▸ **Exercise**
For this exercise, reproduce only the lines from the one holding "Representantes de pueblos" through the final line of the data below, exactly, and omit pictures.

▸ **Source data**
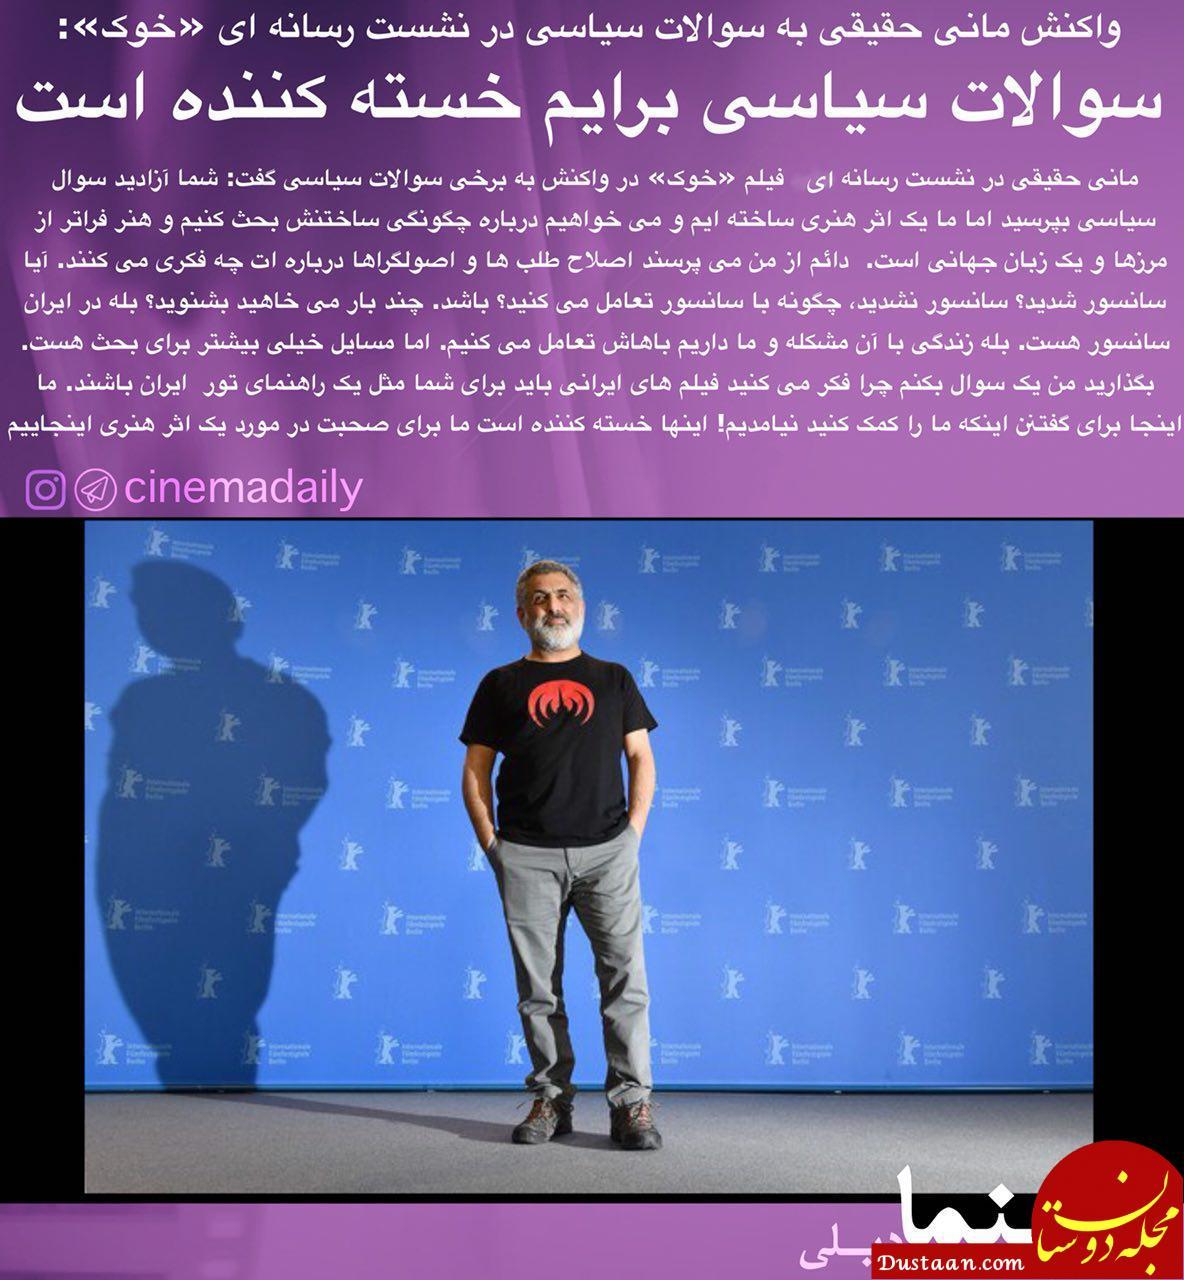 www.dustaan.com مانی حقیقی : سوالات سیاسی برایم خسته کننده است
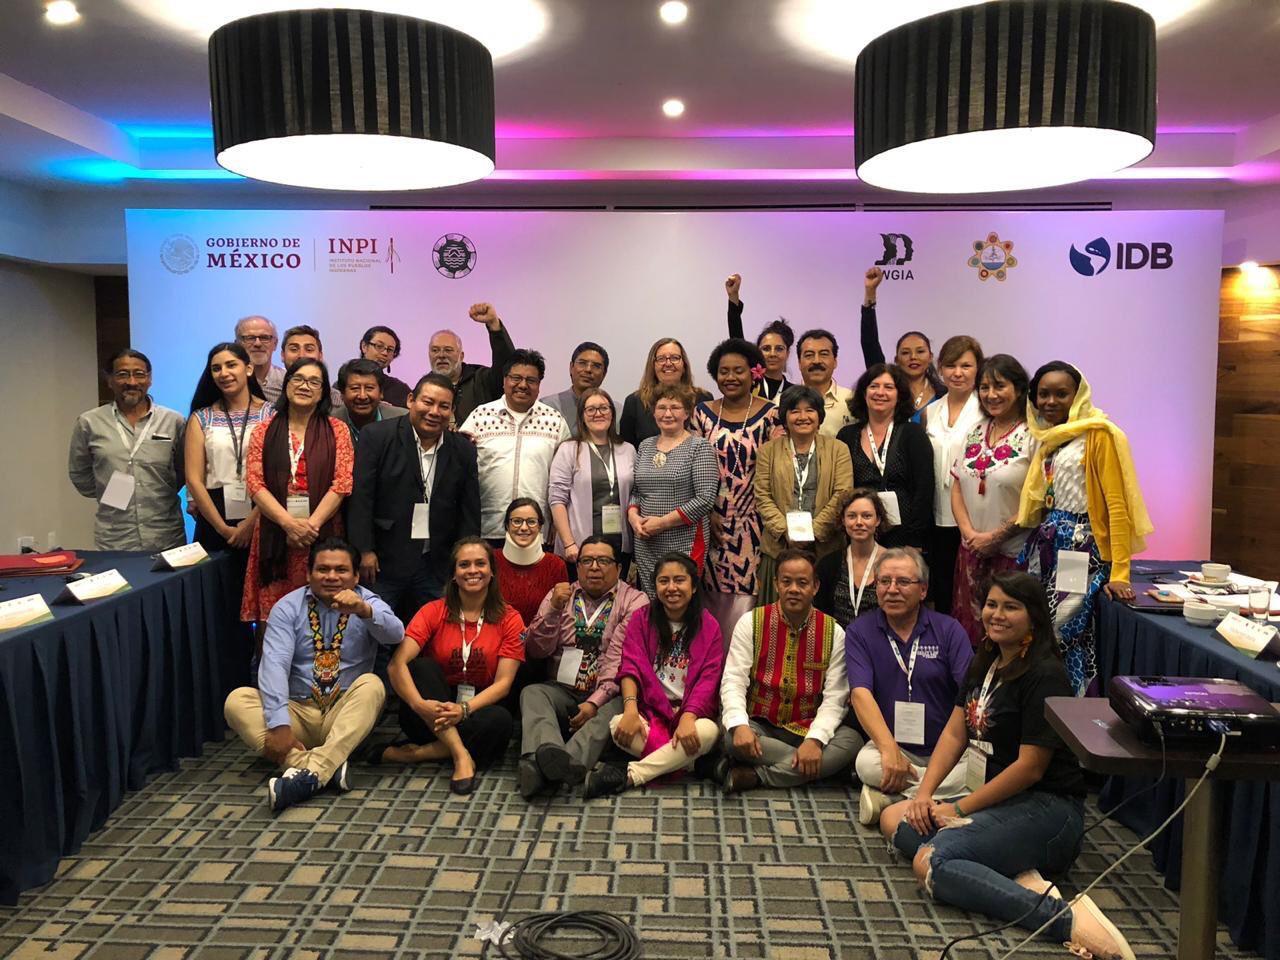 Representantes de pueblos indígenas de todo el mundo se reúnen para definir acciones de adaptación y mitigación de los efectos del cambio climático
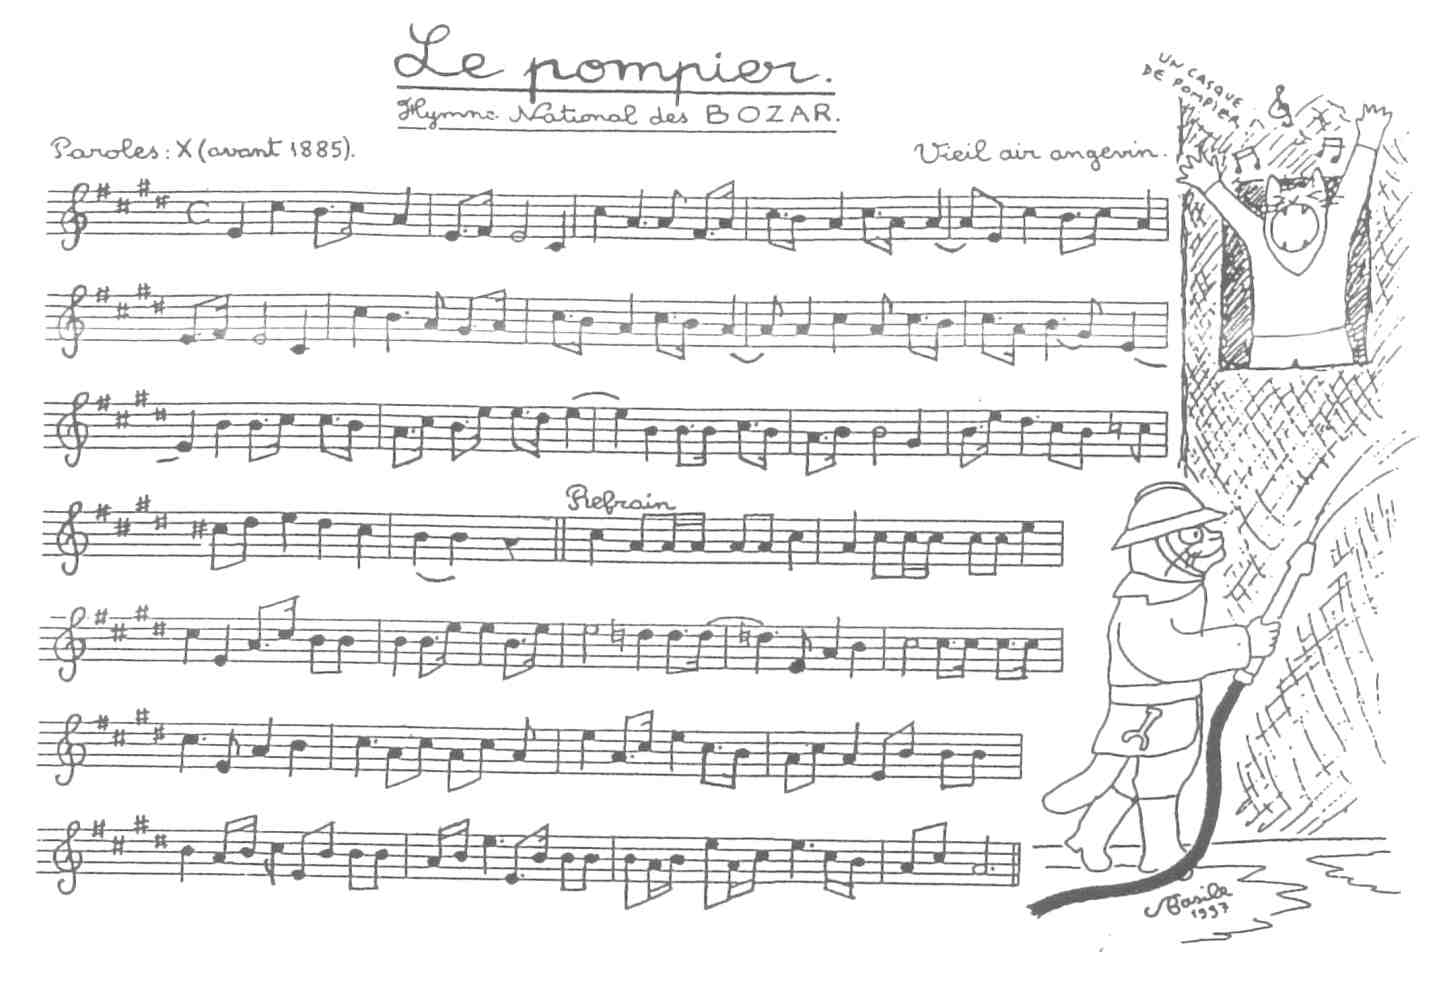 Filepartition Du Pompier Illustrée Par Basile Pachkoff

▸ **Answer to the problem**
 Representantes de pueblos indígenas de todo el mundo se reúnen para definir acciones de adaptación y mitigación de los efectos del cambio climático
 Filepartition Du Pompier Illustrée Par Basile Pachkoff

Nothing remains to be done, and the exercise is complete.